(Beginning of RECORDED DATA)
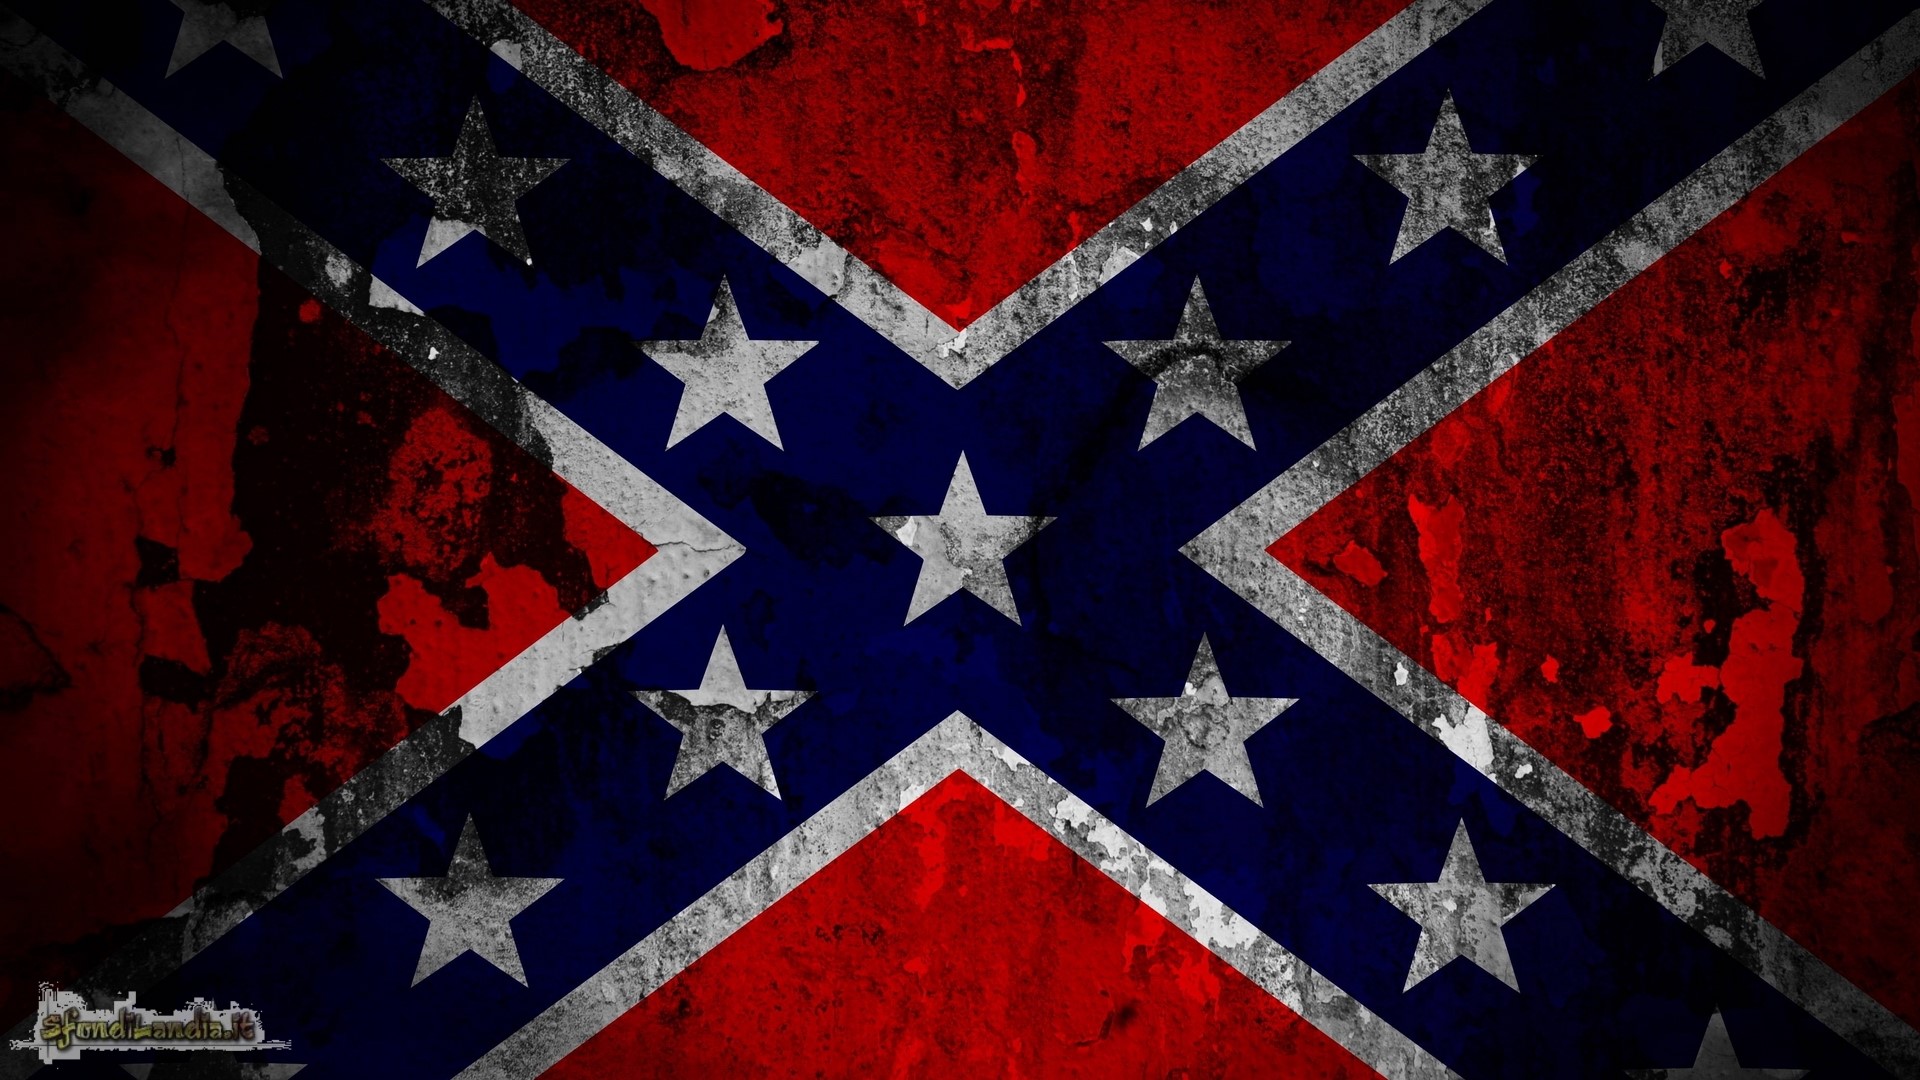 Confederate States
(End of RECORDED DATA)
(Beginning of RECORDED DATA)
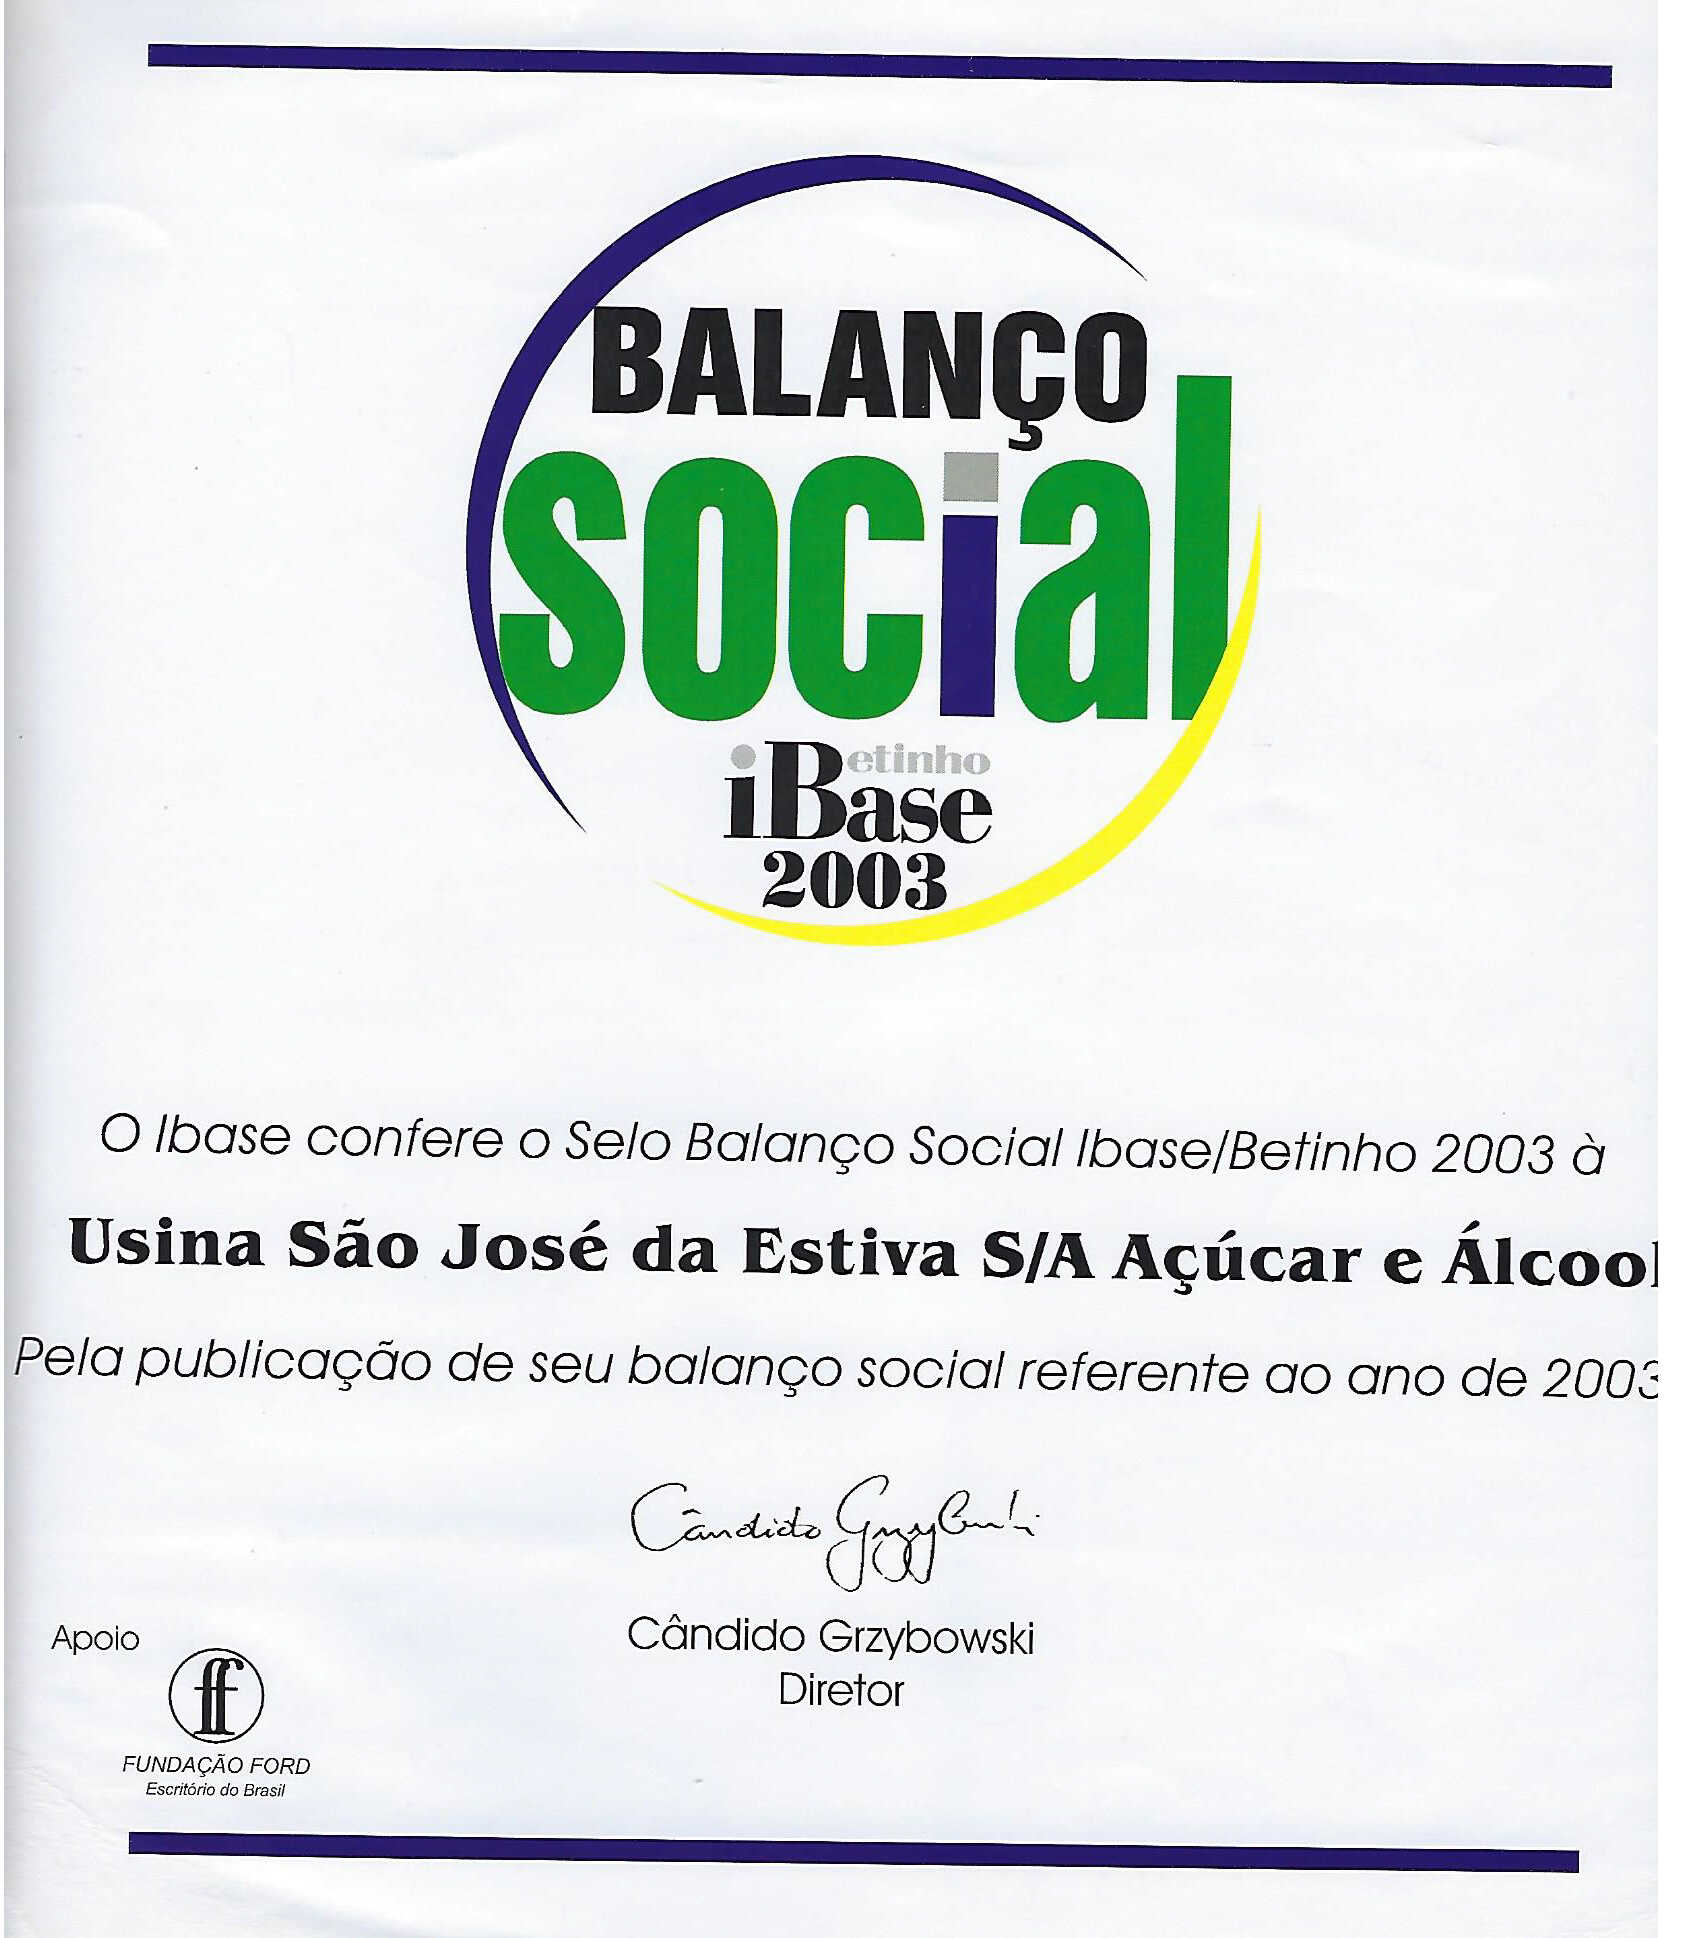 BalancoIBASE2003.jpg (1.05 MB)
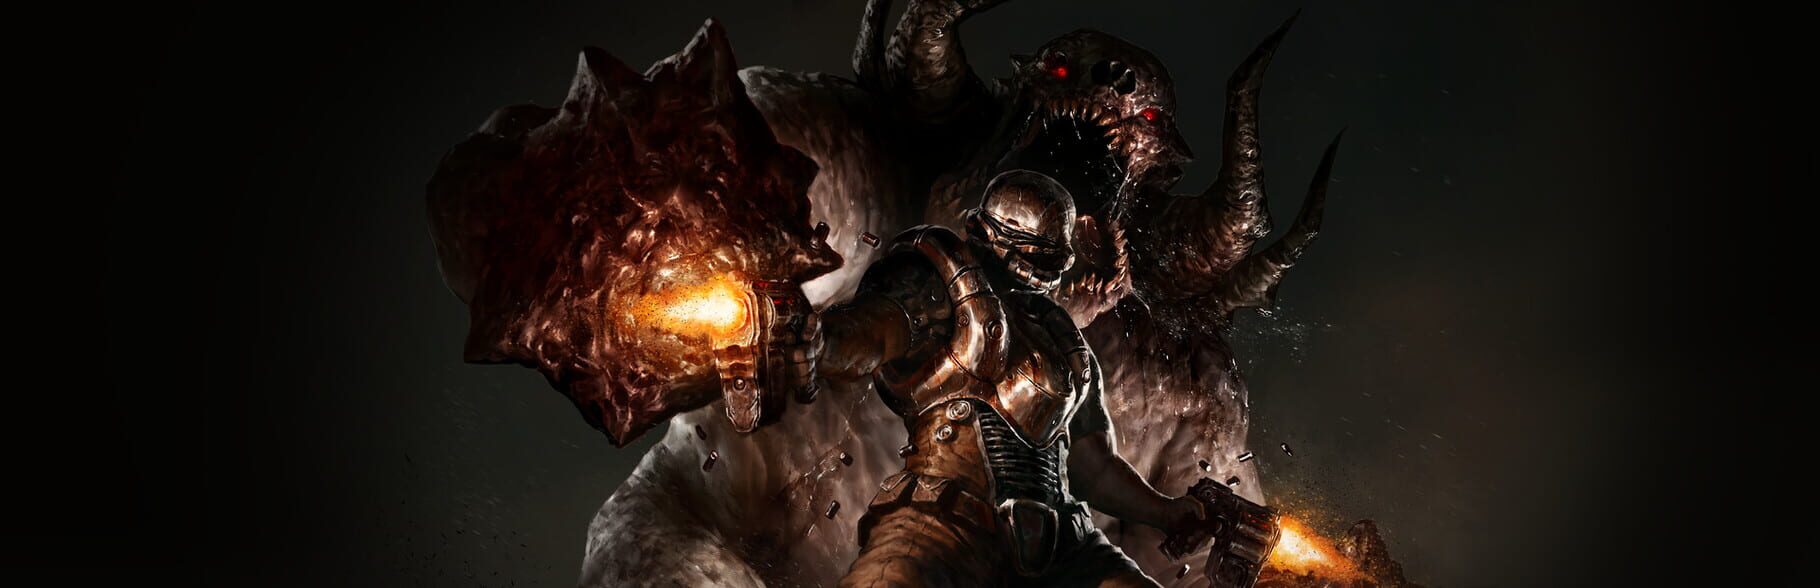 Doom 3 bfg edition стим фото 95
(End of RECORDED DATA)
§ BRIEF
Reproduce the data above exactly, but only from the line containing "BalancoIBASE2003.jpg (1.05 MB)" through the line containing "Doom 3 bfg edition стим фото 95". Omit all pictures.

§ TASK SOLUTION
 BalancoIBASE2003.jpg (1.05 MB)
 Doom 3 bfg edition стим фото 95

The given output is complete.